Across the street from the Obama Phone Store in downtown Bujumbura, a disarmament billboard advertises a young Burundian woman with her hands over her mouth, an AK47 to her head, eyes wide open.
The image is prominent in spots around town, but it tastes uncunningly sarcastic for guns is what’s going around here these days.
Burundi, one of the poorest countries in the world, home to a one-month old peace, forgotten about as a Rwanda without a genocide, is having its most outspoken saviours, a league of few in this tiny vibrant capital on the banks of Lake Tanganyika, silenced; mouths covered like in the poster.
While officialdom glorifies the laying down of arms by the National Liberation Front as a 16-year civil war comes to an end, federal court judges have been kidnapped, civil society members stabbed to death and political-party members shot in the head.
The plasma of the country’s political parties, former rebels used as grassroots organisers, are switching sides with fatal consequences.

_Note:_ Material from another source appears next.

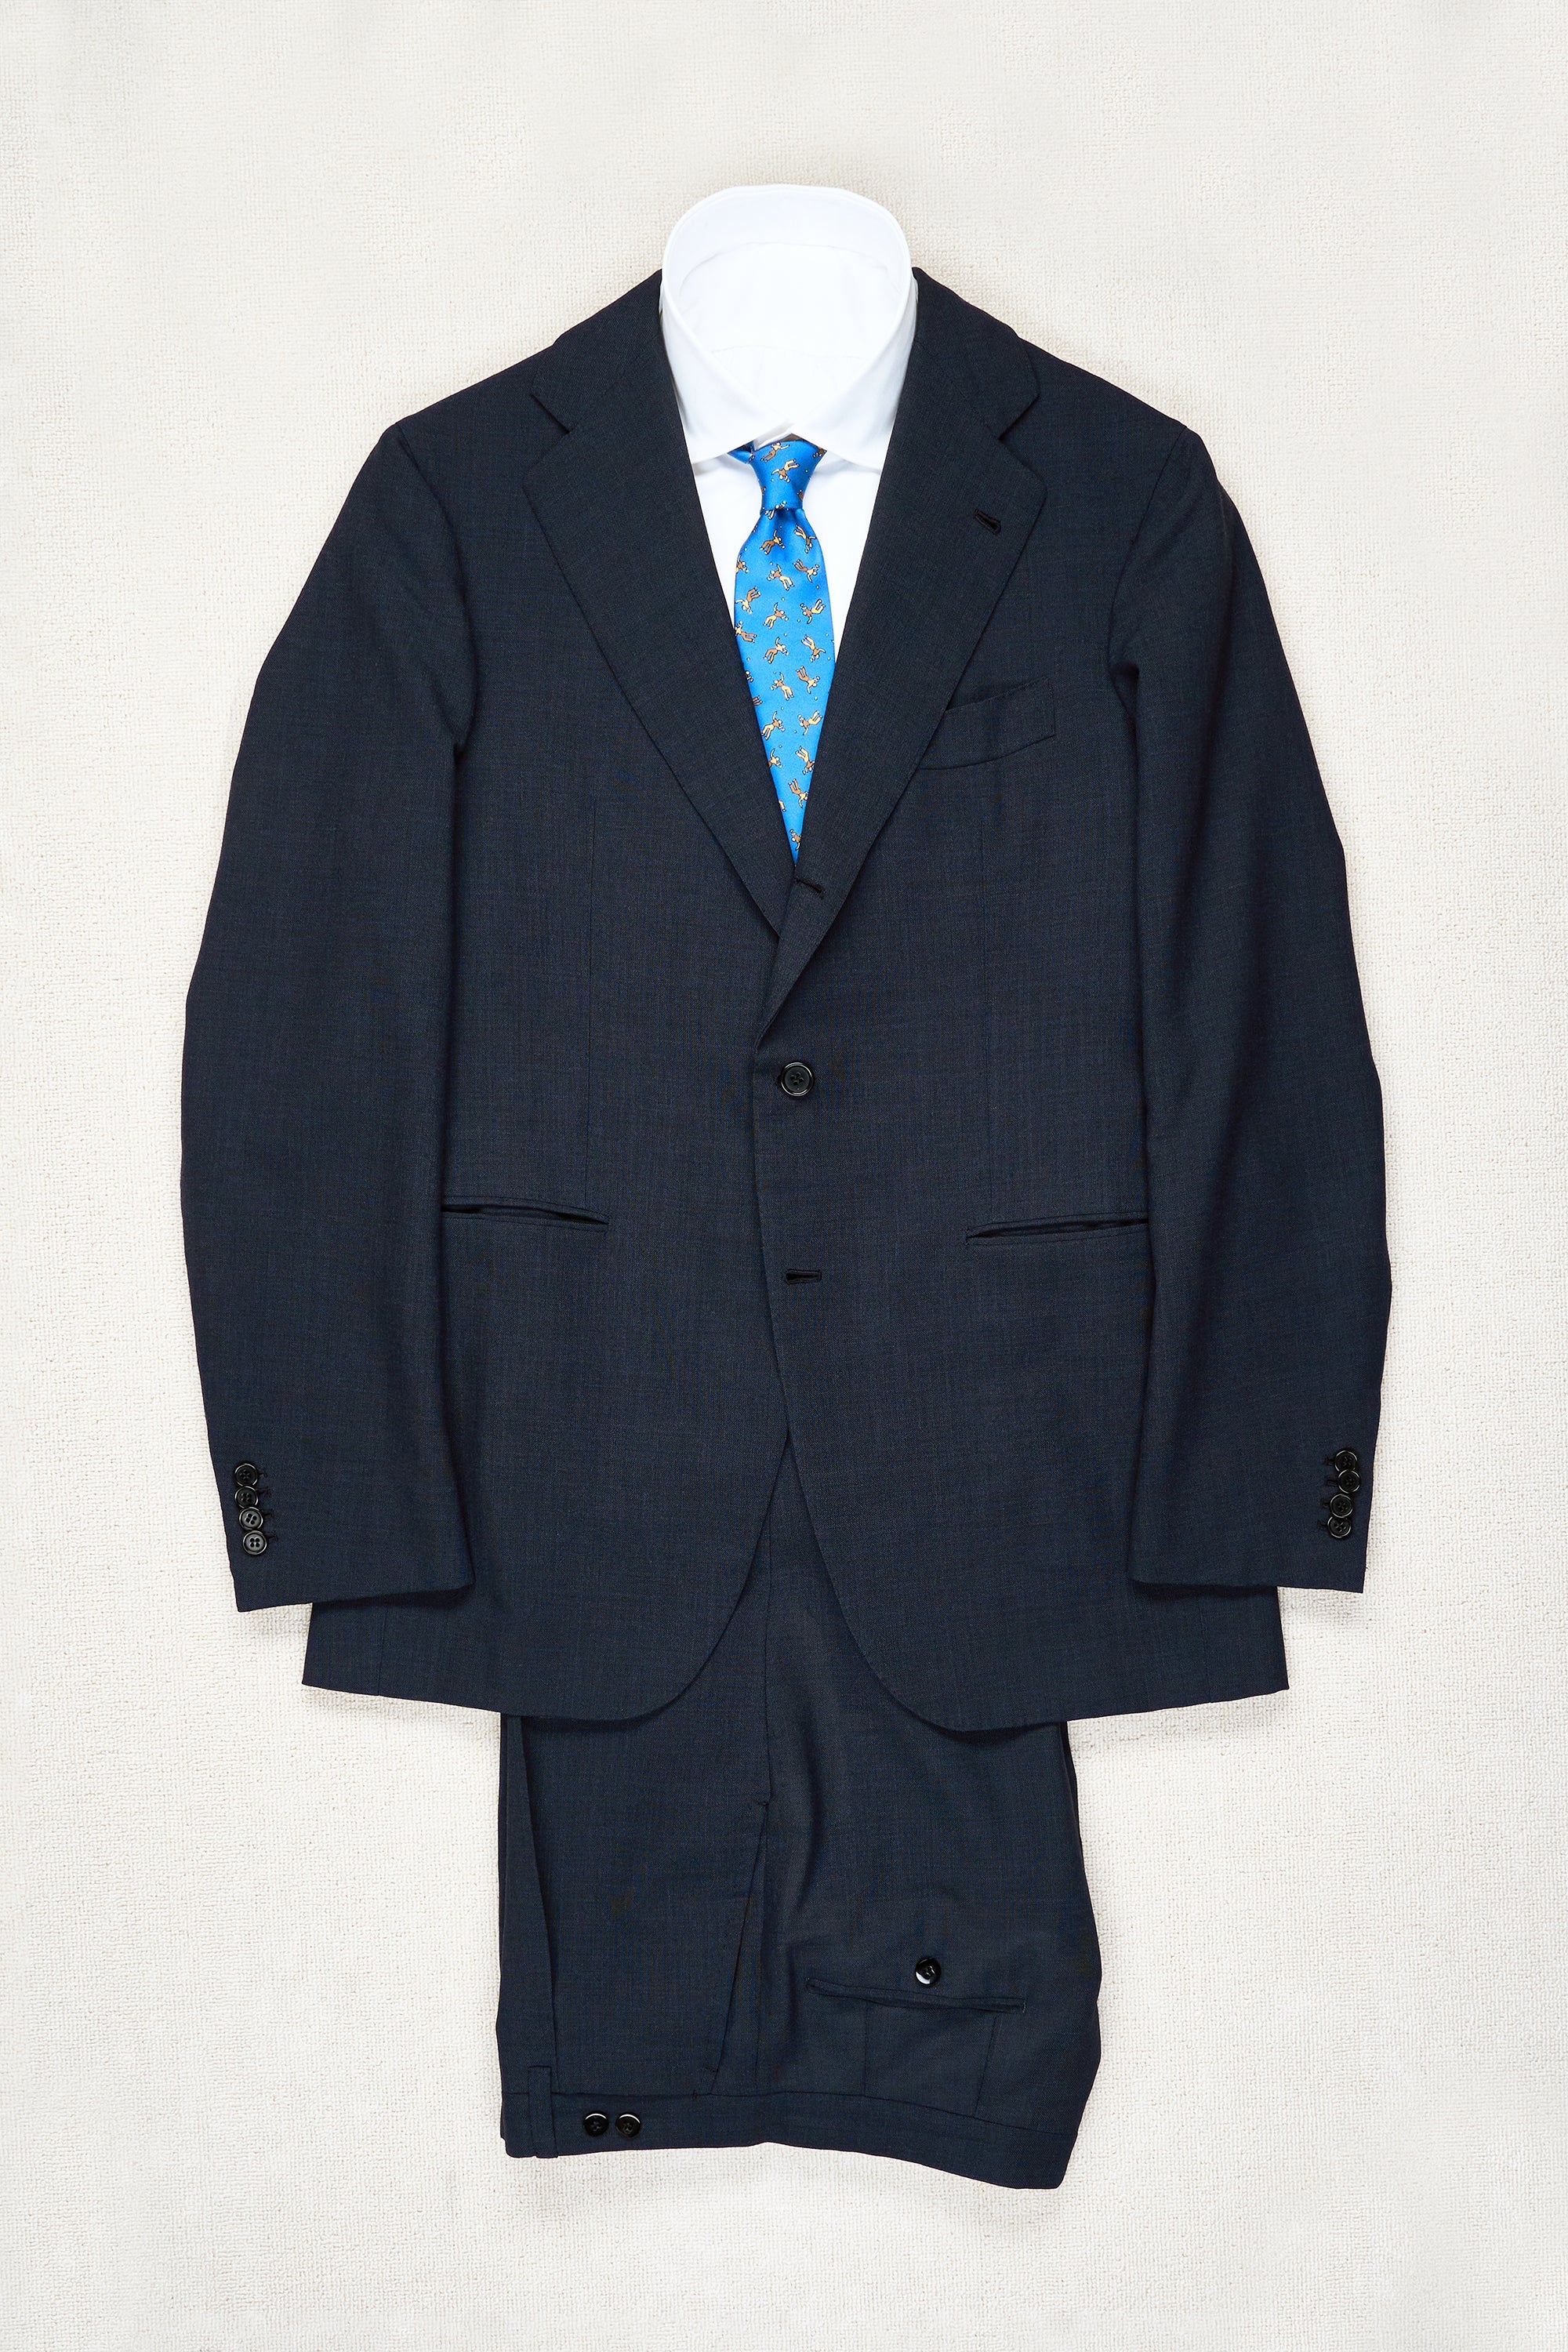 Orazio Luciano Blue Fresco Wool Suit

The United States Federal Bureau of Investigation is looking into the circumstances surrounding the murder of anti-corruption activist and civil society pioneer Ernest Manirumva in early April.
Meanwhile, Alexi Sinduhije, a former journalist and poster-child of a new resistance to the government that transcends ethnicity in a land ruined by ethnicity, is accusing the government of pushing false charges on him to put him back in prison before the elections.
The numbers are tiny — five murders since January that local and international watchdogs say are without a doubt politically-motivated.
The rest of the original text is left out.